For a given trip period, the script will add an entry to the output table for every signal aggregation you define via the JSON file we provide. For example, you can add the signal Speed from the message CAN2_GnssSpeed and specify the aggregation type as 'avg' to get the average returned.
The script by default provides multiple popular aggregations like min/max/avg/median/first/last as well as e.g. delta_sum, delta_sum_pos and delta_sum_neg, useful in aggregating parameters like e.g. consumed State of Charge over time. You can add further aggregations if needed.
You can of course add your own aggregation values, or even signal calculations, within the script. For example, you can add a custom aggregation type that checks if a signal exceeds a specific threshold for more than X seconds - and returns 0 or 1 depending on the result. However, if you need to add calculated signals across separate messages (i.e. with separate time rasters), it is recommended to do so separately from the data aggregation script.
The table structure will not necessarily benefit from the full efficiency of the Parquet file format (for technical reasons). On the other hand, this is compensated through the fact that the aggregated table will be extremely light weight.
For example, if you have 500 devices with an average of 10 trips per day and 20 signal aggregation entries across 1 year, the above structure would result in 365 separate Parquet files (due to the date partitioning), each containing 100,000 rows. An interface-based SQL query (e.g. from Athena) on this table would return the requested results in 2-4 seconds in our tests.

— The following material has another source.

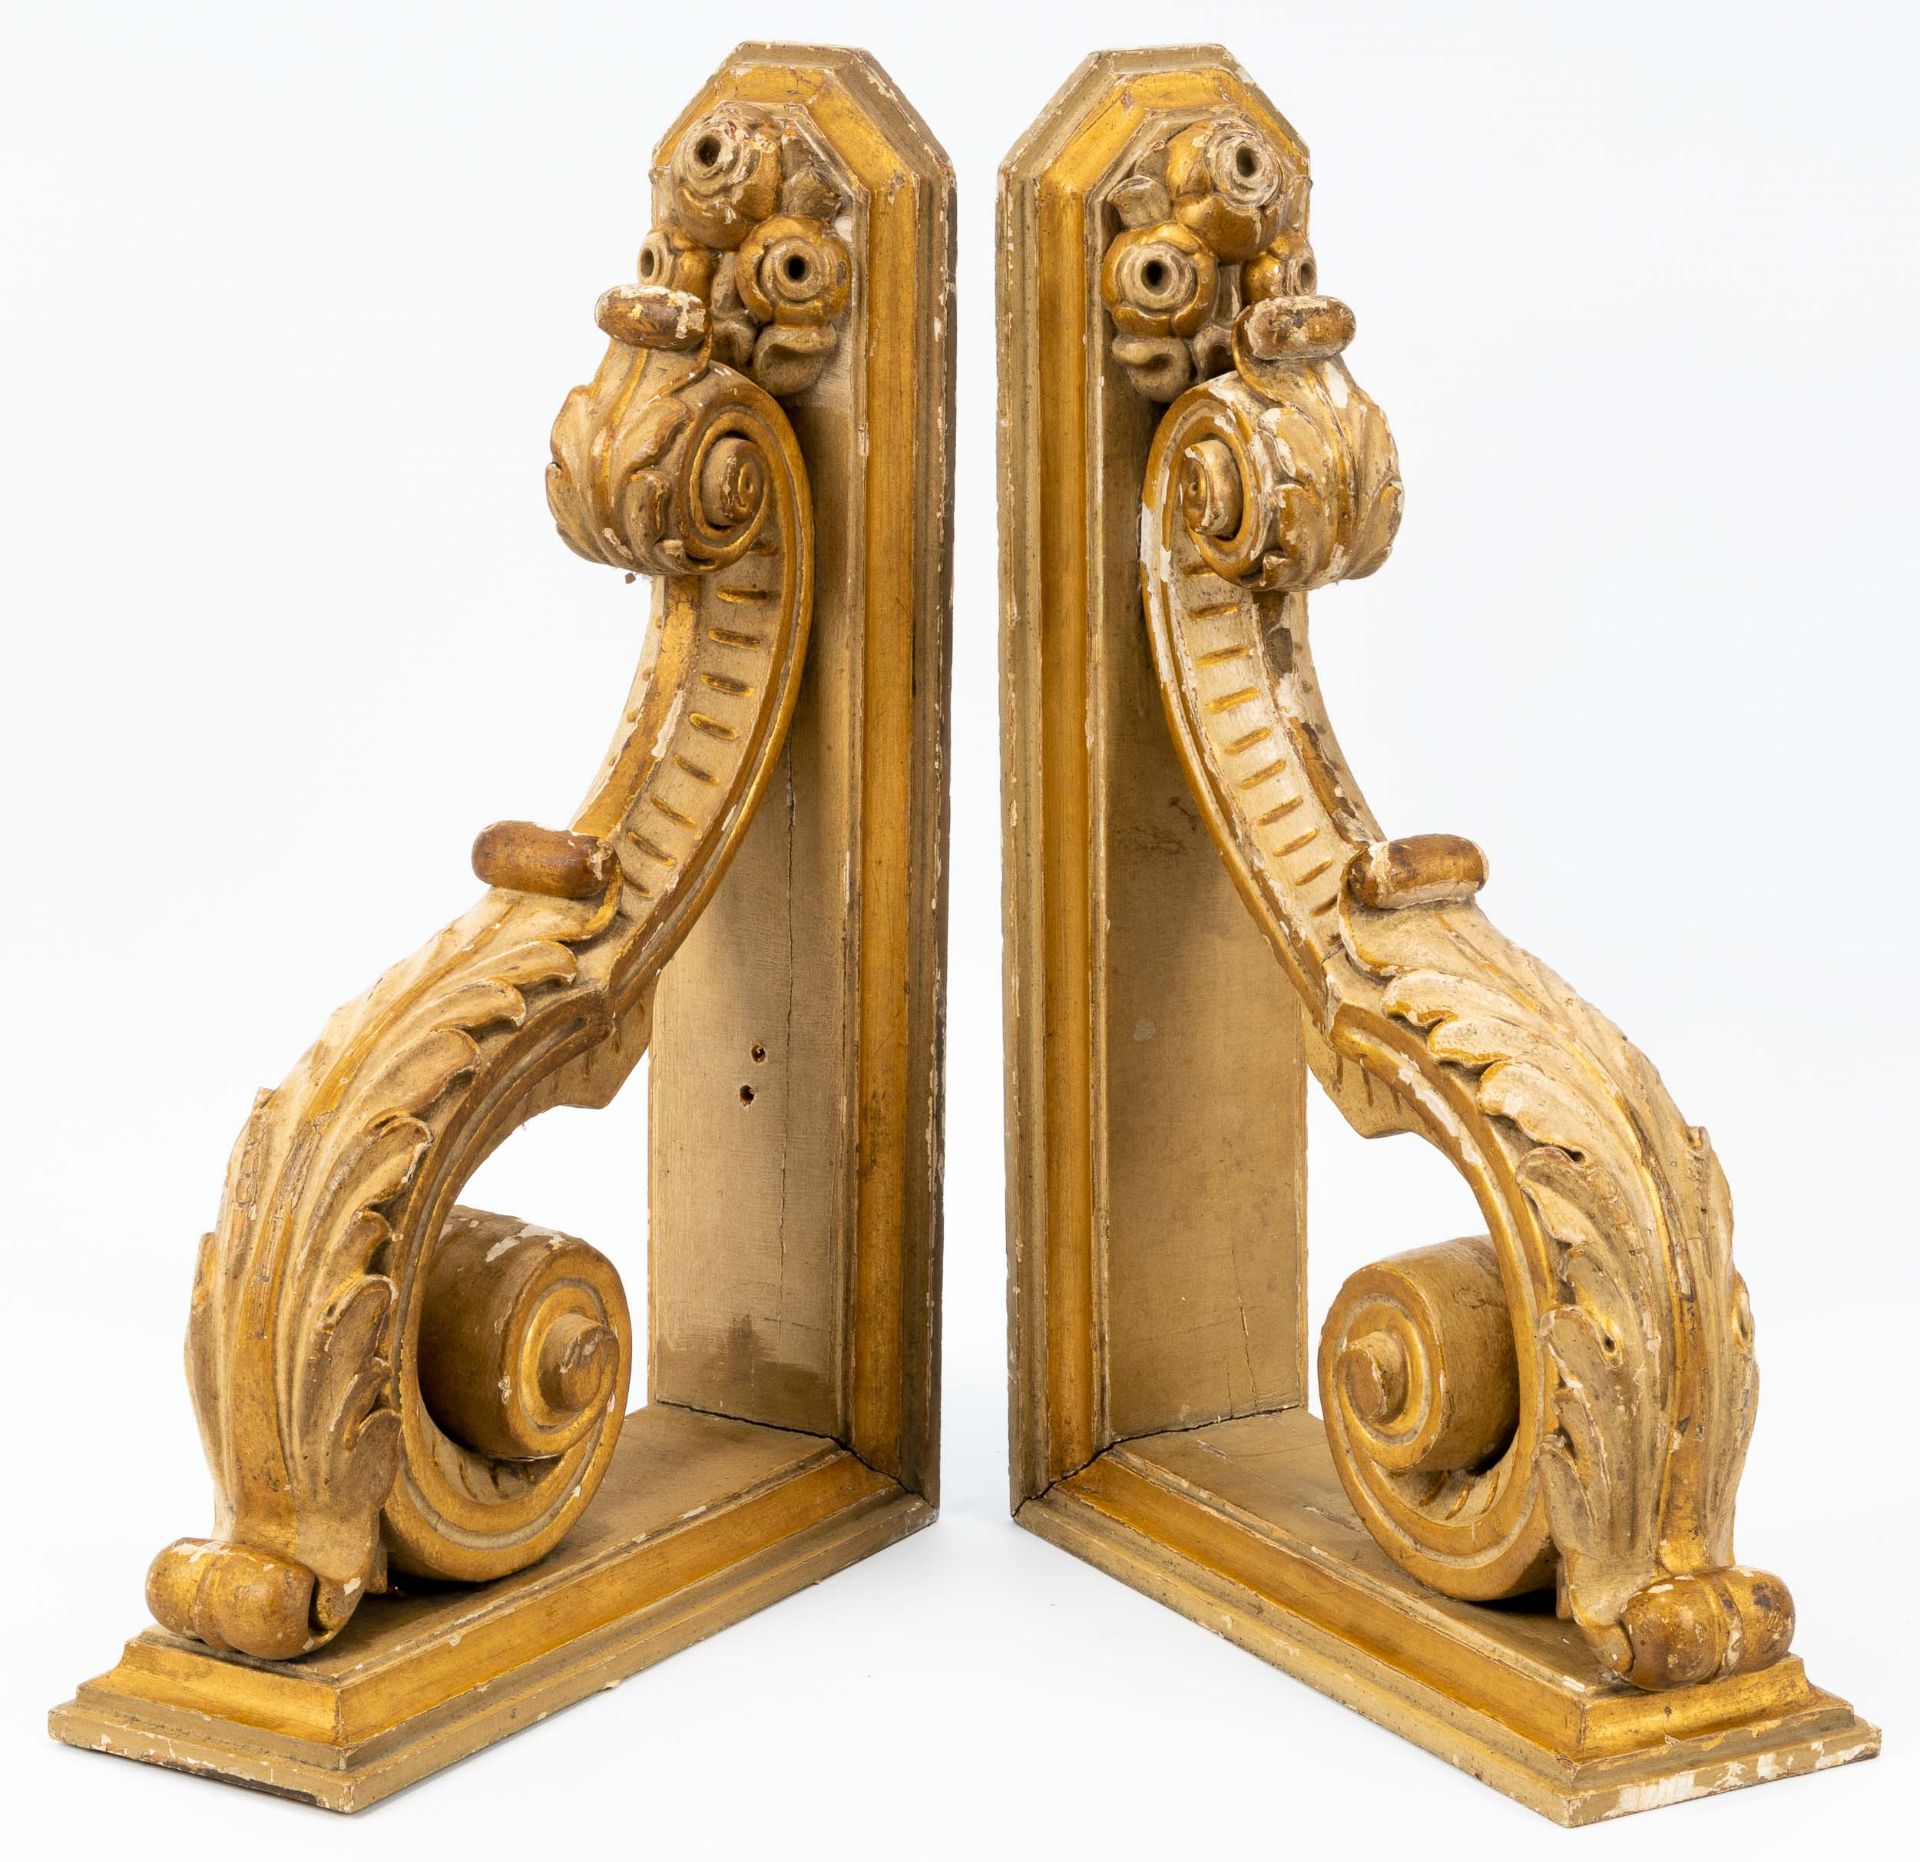 Paar geschnitzter Voluten-Stützwinkel, Holz geschnitzt, gefasst und vergoldet. Historismus, 19. Jhd - Image 2 of 11

Trip aggregation is particularly powerful if your underlying Parquet data lake contains high-frequency data (for example if you have recorded your CAN data with no prescaling). Here, your underlying data lake can quickly become very dense, with a single device e.g. containing 100+ GB of data across a single year. In such situations, performing analytics on the non-aggregated data lake can become slow - in particular across devices.
When aggregating data, be conscious about how you interpret the data. For example, let's say you are interested in the average speed of your vehicles and you therefore extract the average speed across all devices at a trip level.
Next, you intuitively wish to get the 'average speed per device' for a given period and thus take the average speed across the relevant trip averages. However, this will result in the average vehicle speed per device per trip - not the overall average. Effectively, you are assigning equal weighting to each trip, whether a trip lasted 5 hours or 1 minute.
One way to address this is to leverage the fact that the trip summary table includes the 'duration', which you can use to perform weighted averages when aggregating across trips.
Another example is GPS positions: If you want to get an idea of the location of each trip, it makes sense to include aggregated Longitude/Latitude signals. But taking the average of these may not be a good idea as you essentially get 'meaningless' positions that do not reflect the actual trip route. A better solution can be to take the 'first' observation of each, thus letting you visualize the trip starting positions.
Some signals can only be aggregated in a meaningful way if you first calculate the delta values. For example, let's say you wish to understand how much State of Charge is consumed per trip, but you only have the absolute State of Charge signal available. In such a case you can use the 'delta_sum_neg' aggregation to calculate the change in State of Charge and ignore positive changes (e.g. related to charging events). The result will be a clean variable that you can also aggregate across trips.
Alternative data aggregation solutions
You can also consider one of the below alternative data aggregation workflows:
The aggregation Python script is designed so that it can be deployed anywhere (incl. locally) and target either a locally stored data lake, or one stored on S3. As a result, you can also deploy it for setups outside AWS with minimal modification.
Locally, you can automate the script execution via e.g. a CRON job or task scheduler. In the Azure environment you can consider using e.g. Azure Data Factory, while in GCP you may consider e.g. Google Cloud Dataflow.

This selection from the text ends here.